Understanding the recommendations

analyze reports suggested direction and magnitude for each adjustable area:

  • Suspension stiffness — softer absorbs bumps and improves grip on rough surfaces; stiffer sharpens response and reduces body roll on smooth tracks. Direction comes from how much normalized suspension travel varies per axle.
  • Ride height — flagged when normalized suspension travel pins near full compression (bottoming out). Raise ride height first; stiffen springs only if it is already at maximum.
  • Differential — controls how power is split between driven wheels. Higher acceleration lock drives the car straighter out of corners; lower lock frees rotation but can spin an inside wheel. Driven from the left/right slip difference on the driven axle.
  • Tire grip / load — read from combined slip per axle. Sustained high slip means the tire is overloaded and sliding (soften that axle, reduce camber, or fix alignment); very low slip means it is underworked.
  • Tire pressure — Forza emits no pressure telemetry, and in-game pressure does not track tire temperature the way real physics would, so the tool gives a fixed warm-target baseline (~30-34 PSI, slightly higher front) rather than inferring it from the data.
  • Gearing — final drive and individual ratios. Shorter gearing accelerates harder; longer gearing raises top speed. The offline analyze reads upshift RPM versus redline; the segment engine additionally checks top-gear RPM at your max speed to catch an over-tall final.
  • Balance / alignment — front-vs-rear lateral slip angle. Higher front slip angle is understeer (soften the front, add front camber, add front toe-out for turn-in); higher rear is oversteer (soften the rear, add rear camber, add rear toe-in, or add diff deceleration lock).

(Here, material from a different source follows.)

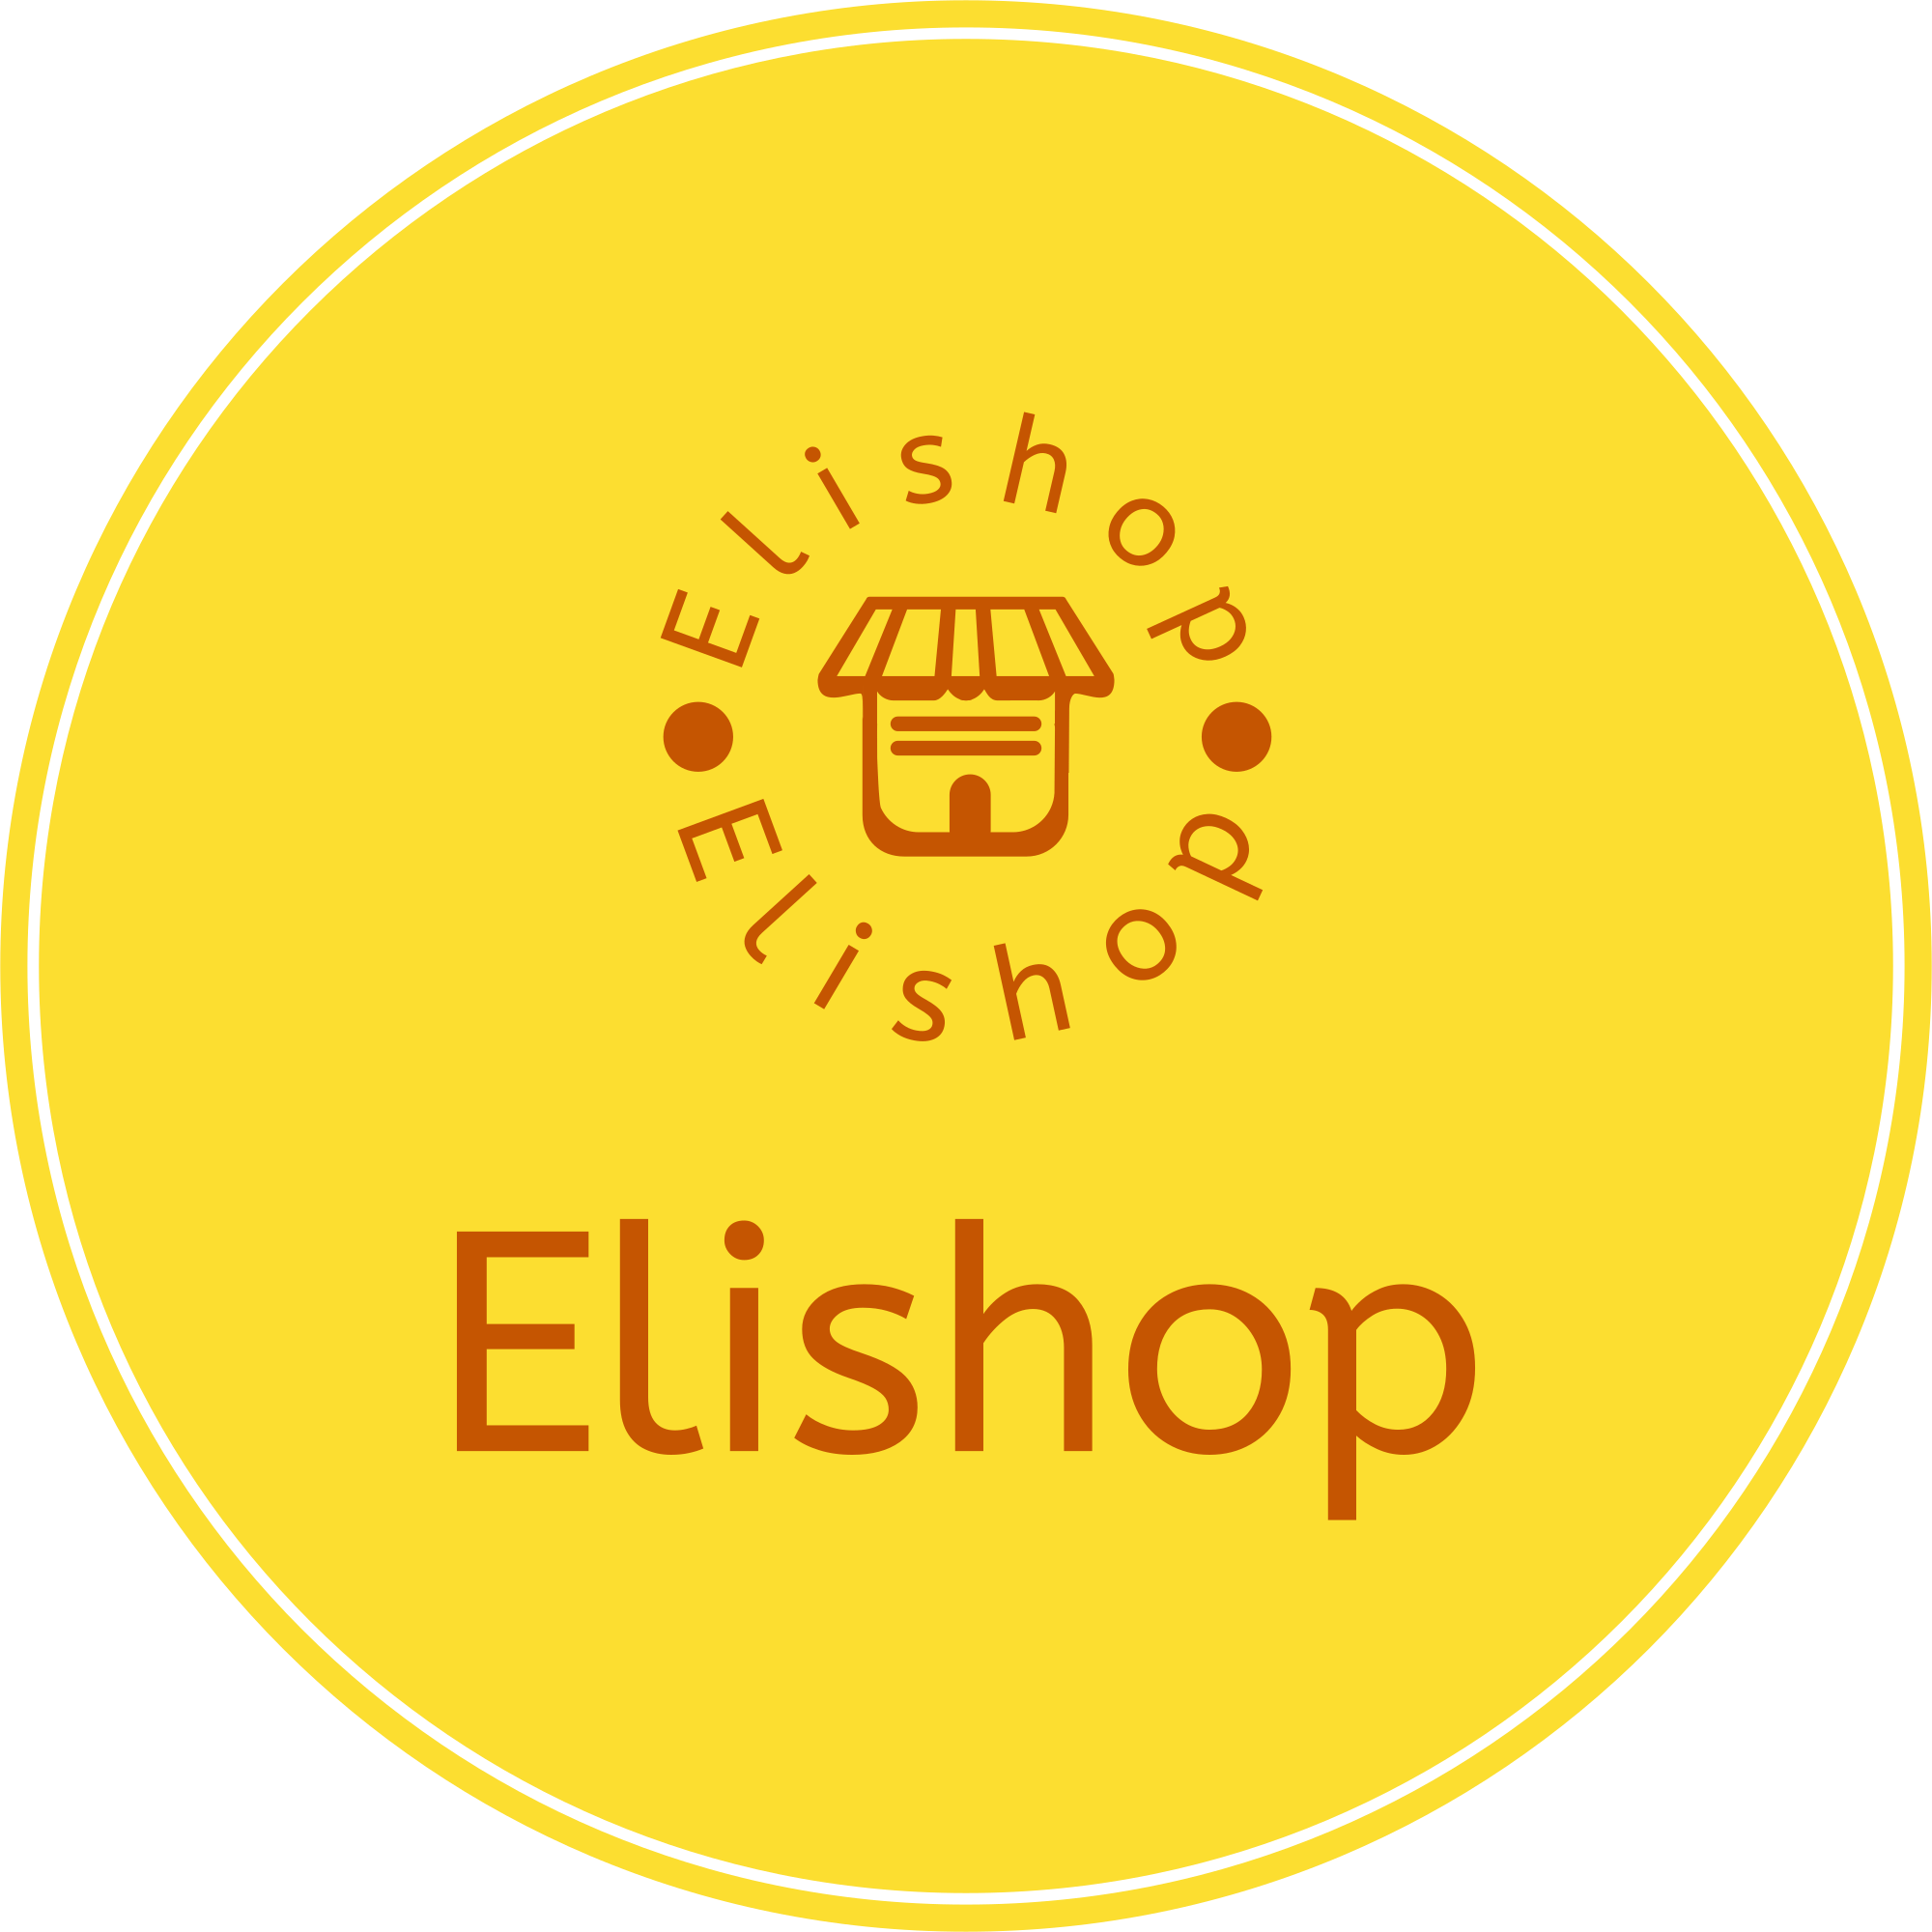 Elishop

Recommendations are directional guidance from the recorded data, not a finished setup. Apply one change at a time and re-record to confirm it helped.

License

MIT.

Disclaimer

This is an independent, fan-made tool. It is not affiliated with, endorsed by, or sponsored by Microsoft, Turn 10 Studios, or Playground Games. "Forza" and "Forza Horizon" are trademarks of Microsoft Corporation. The tool only reads the game's opt-in Data Out telemetry stream and reads on-screen values via OCR; it does not modify the game or its files.

About

Telemetry auto-tuner for Forza Horizon 6 — reads the Data Out UDP stream, records laps, and turns telemetry into build/tune/driver recommendations (with an MCP server for AI-assisted tuning).